I agree with this one hundred percent. Planning is not doing. You cannot think or plan your way out of an addiction. I know you recognize you are unhappy but I don’t think you recognize that you are in serious trouble, life-threatening trouble. For me getting sober has never seemed like one of those wonderful self-improvement journeys (Eat, Pray, Love type stuff). And though lots of positive things have happened to me because I got sober, the fight to get there always felt, and often still feels, like a fight for survival — one where you do whatever you need to do to get away from the very big thing that is killing you. I think I’m going to write a longer post on this soon, but my theme song — or the performance that always summed up what I needed to do and feel to get free — and what I think you need to do and feel to get free — was the Talking Heads “Life During Wartime,” and I find myself wanting to scream it at you now, dear Annie: “This ain’t no party. This ain’t no disco.
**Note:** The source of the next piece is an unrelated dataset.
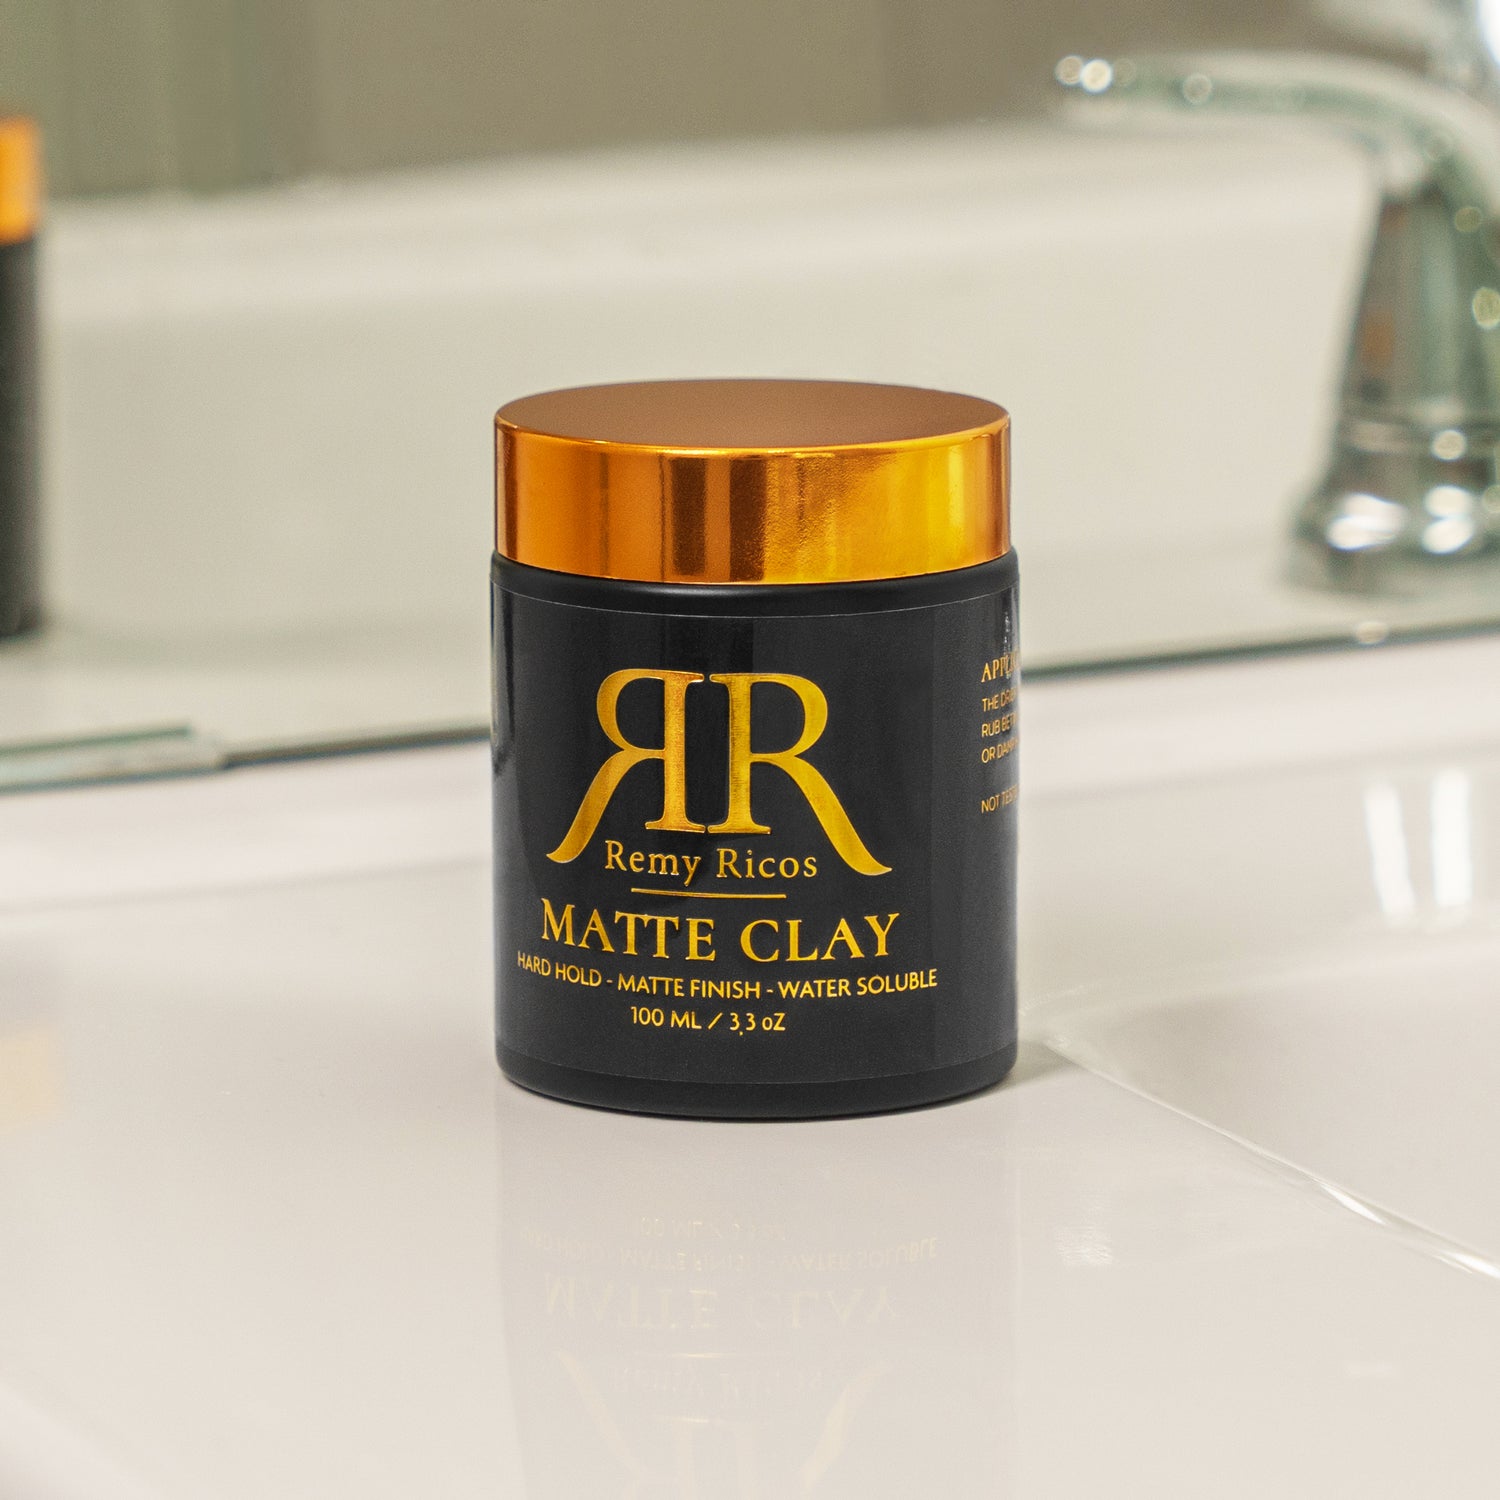 MATTE CLAY - REMY RICOS

This ain’t no foolin’ around…”
Watch the performance and those of you out there who have made it through the early days of sobriety, let me know, do you resonate with that combination of panic and moment-by-moment reaction all geared at staying alive (keeping sober)? “Burn all your notebooks, what good are notebooks, they won’t help you survive.” Byrne was talking to me once, and now I think he’s talking to you Annie.
Takes me back! Loved Talking Heads back in the day and haven’t listened to them for ages.
What I felt was more to do with a huge urge to break free. The early days were hard but I felt I was getting away from something that was bad for me and I needed to get away from. At times it was hard to believe in myself and that I could reinvent myself as a non-drinker. But at the same time I felt this was something I needed and wanted to offer myself. It was a gift to myself. And I was and continue to be determined to have it. Nobody around me thinks I have a problem or understands my need to stop.
It is hard for me to differentiate my drinking and stopping drinking with the onset of menopause I’ve just turned 55). Over a week earlier this year, I felt my inner life turn a page. I was in a new chapter. Part of it was the physical symptoms which I suspected (correctly as was borne out) were being exacerbated by my wine habit. Mostly it was a new awareness that life was finite, and that the booze was beginning to make my life so much smaller, narrower, limited. I wanted to appreciate what was left of my life “in the raw”. I wanted to be healthy enough to take advantage of the opportunities life still had to offer. All of a sudden the booze felt like a straitjacket. It was heavy. I wanted to take it off. This suddenly felt urgent.
So I stopped. Now on Day 79. It’s been hard at times. Very tired and headachy in the first few weeks. Huge inclination to change my mind around days 55-65. But my menopause symptoms have eased a lot. And I feel light and free and ready for what the rest of my life has to offer..
I hope this helps haplesshomsteaders. I love your blog!